Менеджерский подход к культуре неотличим от хоттабычевского подхода к телефону.
От изделия требуется, чтобы оно соответствовало чисто внешним маркетинговым параметрам, тогда как от телефона требуется, только чтобы он звонил. На нем может не быть лейбла. Ему не нужна мраморная облицовка. Он не должен быть копией импортного телефона. Он должен соединять разъединенных и сообщать неизвестное.
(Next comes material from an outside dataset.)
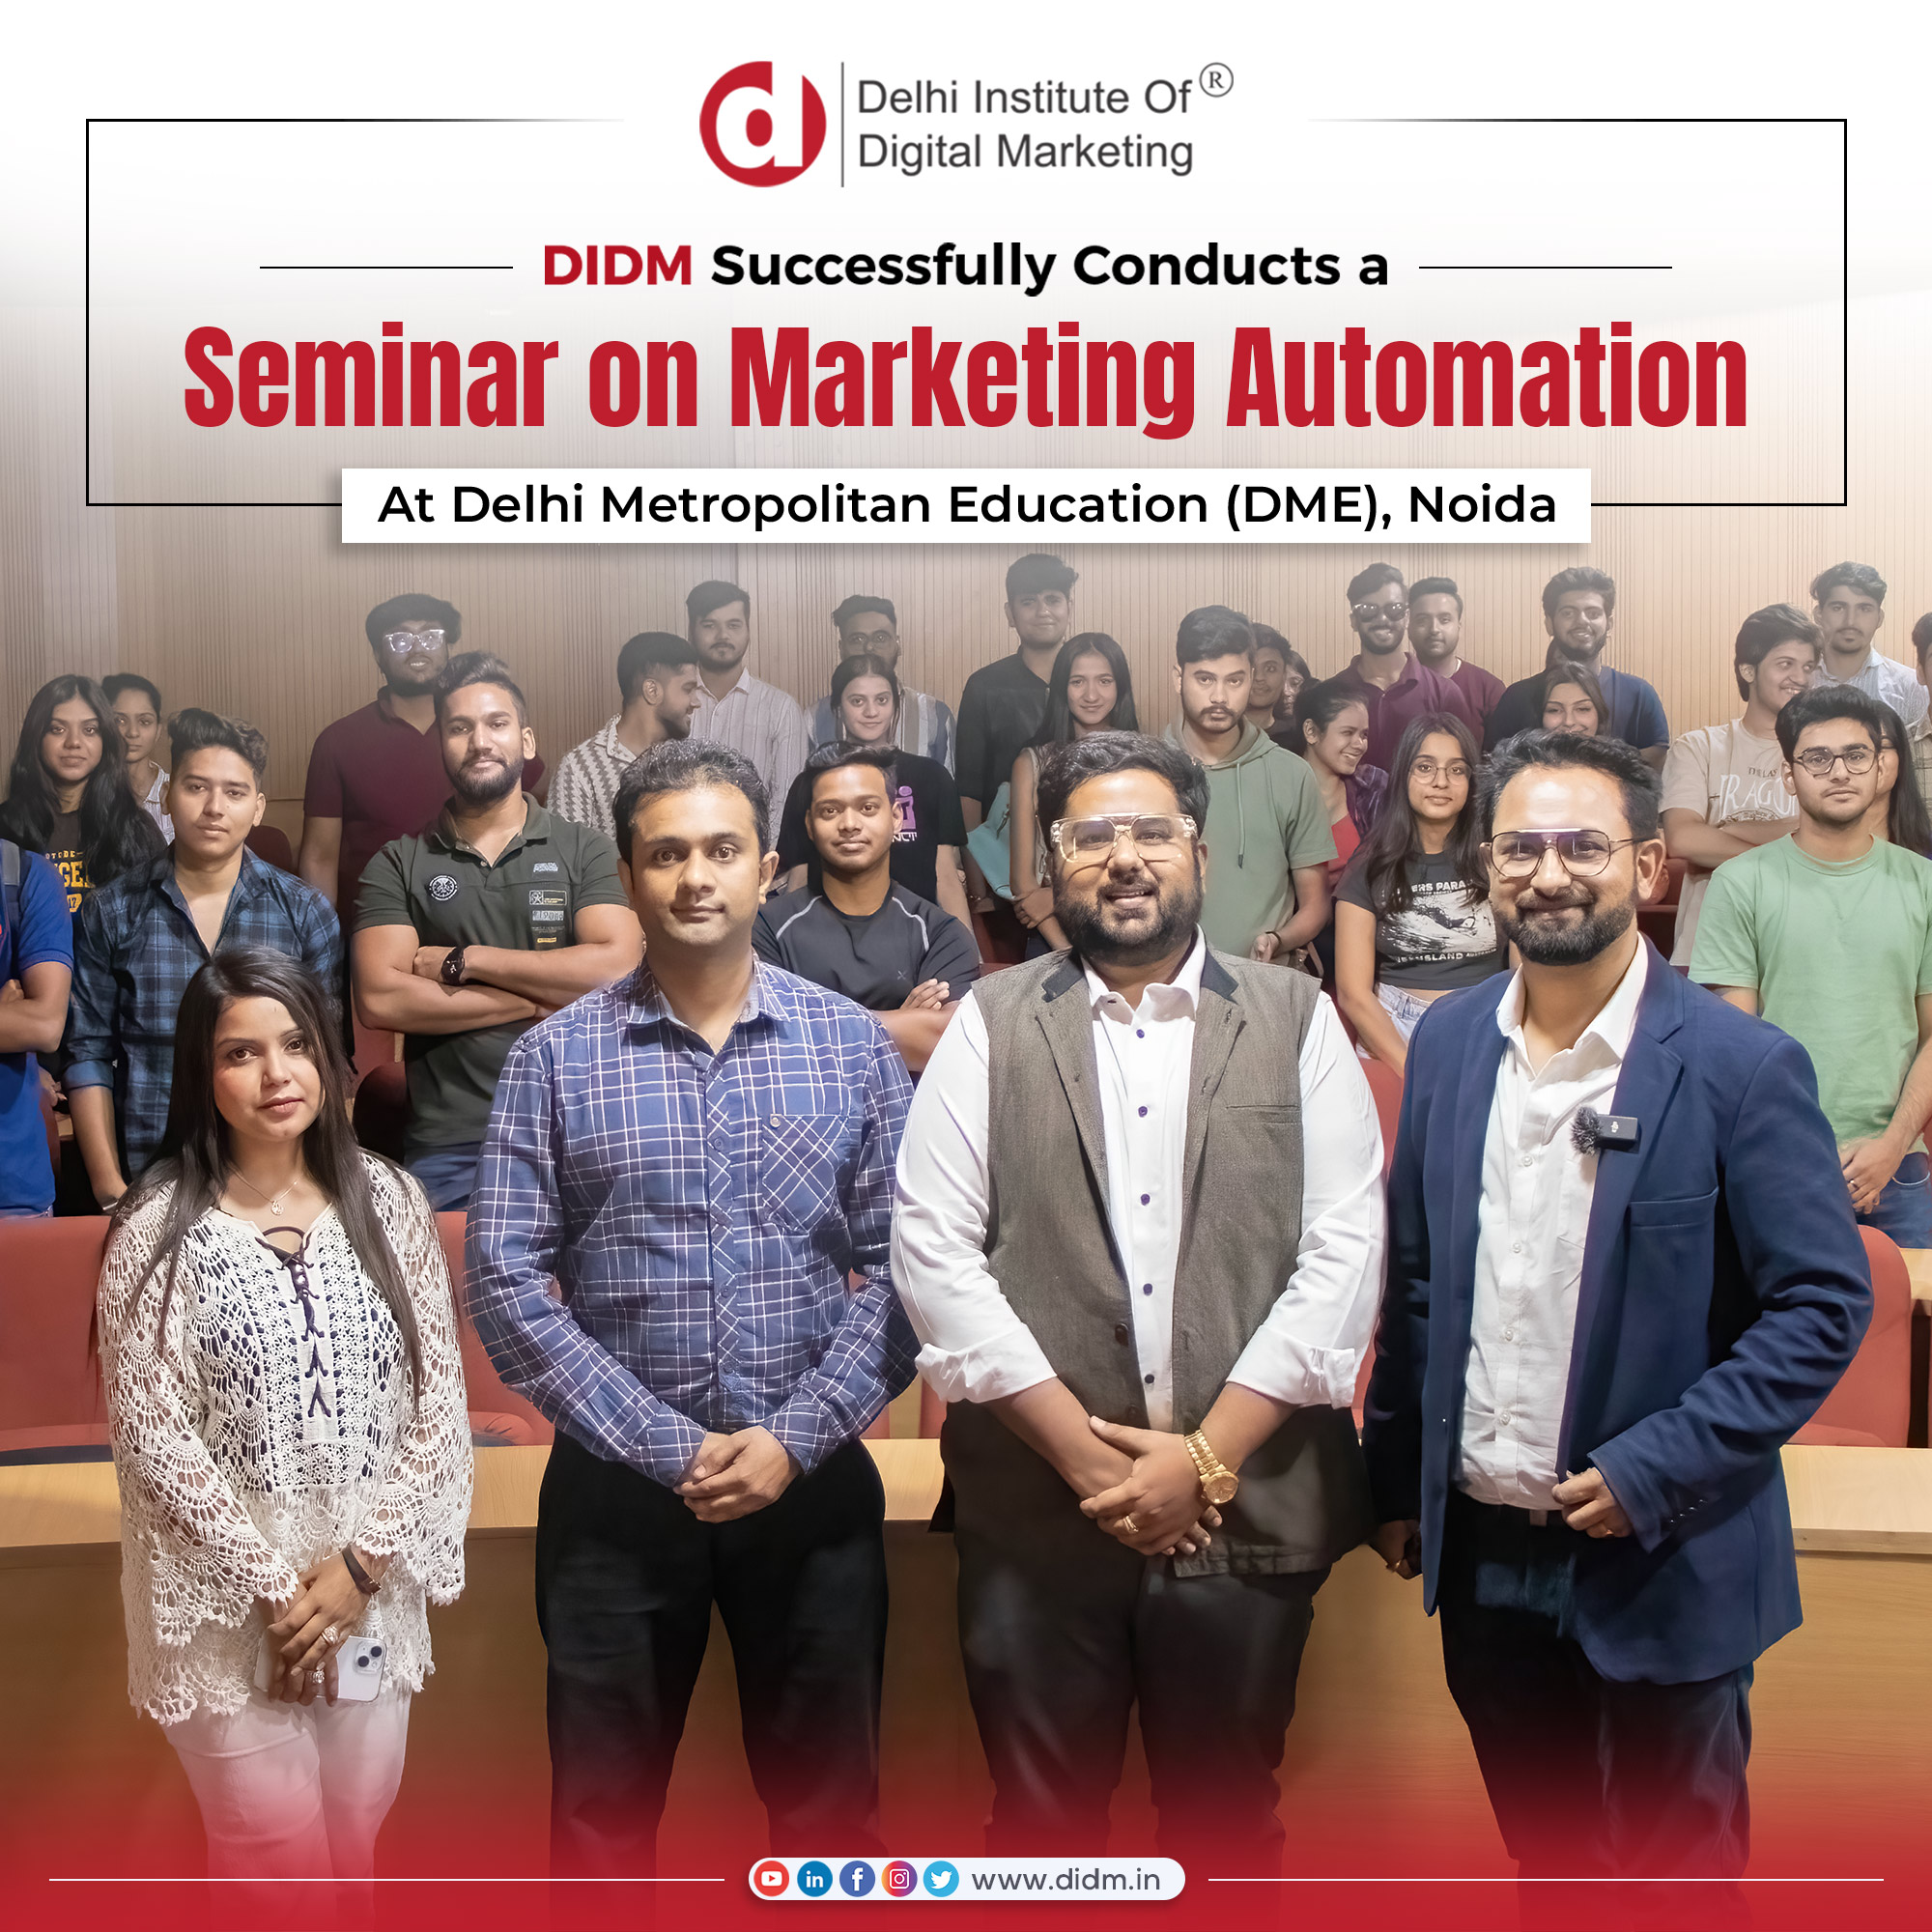 DIDM Successfully Conducts a Seminar on Marketing Automation at DME, Noida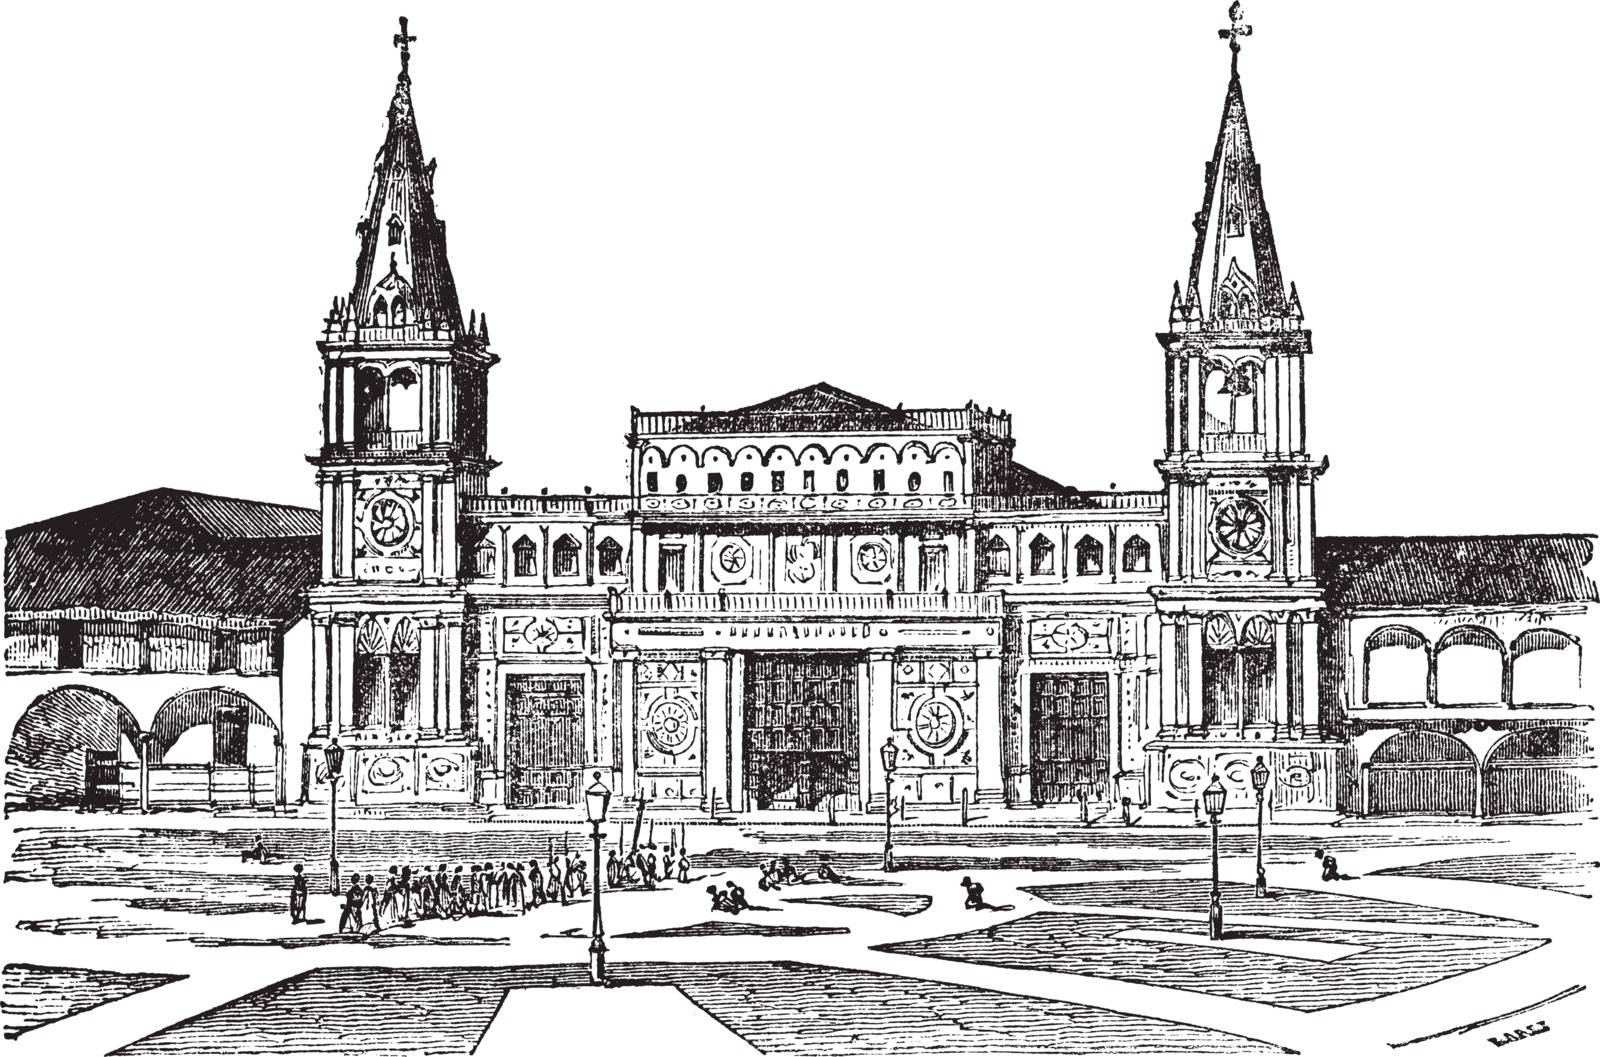 Cathedral of Guayaquil or Cathedral of Saint Peter[, Ecuador. Old engraved illustration of Cathedral of Guayaquil,1800s.

У искусства ровно те же функции. Именно поэтому формат — чисто внешний канон, предусматривающий сугубо количественный результат (бокс-офис, сумму выручки, место в списке бестселлеров), — в искусстве неприменим по определению. Можно сшить джинсы по чужому образцу, и они будут прекрасно продаваться, потому что от джинсов не требуется давать носителю смысл жизни. Носитель извлекает его из других вещей, а джинсами прикрывает срамной низ. Искусство к этим функциям не сводится. Искусство начинается там, где кончается формат.
Загадочный успех «Острова», в котором сошлось множество тонких факторов плюс страшный духовный голод, которым неосознанно томится страна, уже успел породить волну подражаний: знакомые режиссеры и артисты с веселым ужасом рассказывают, что отечественное кино взялось за массовую штамповку религиозных историй. И это не мода или поветрие, как было в девяностых, когда успех «Маленькой Веры» порождал волну чернопорнухи, а удача «Ассы» — весьма посредственной на нынешний взгляд — заставляла насыщать питерским и свердловским роком «Аварию — дочь мента» или «Взломщика». Нет, речь идет о сознательном и целенаправленном копировании чужого успеха. Так модная индустрия подхватывает чужую выкройку.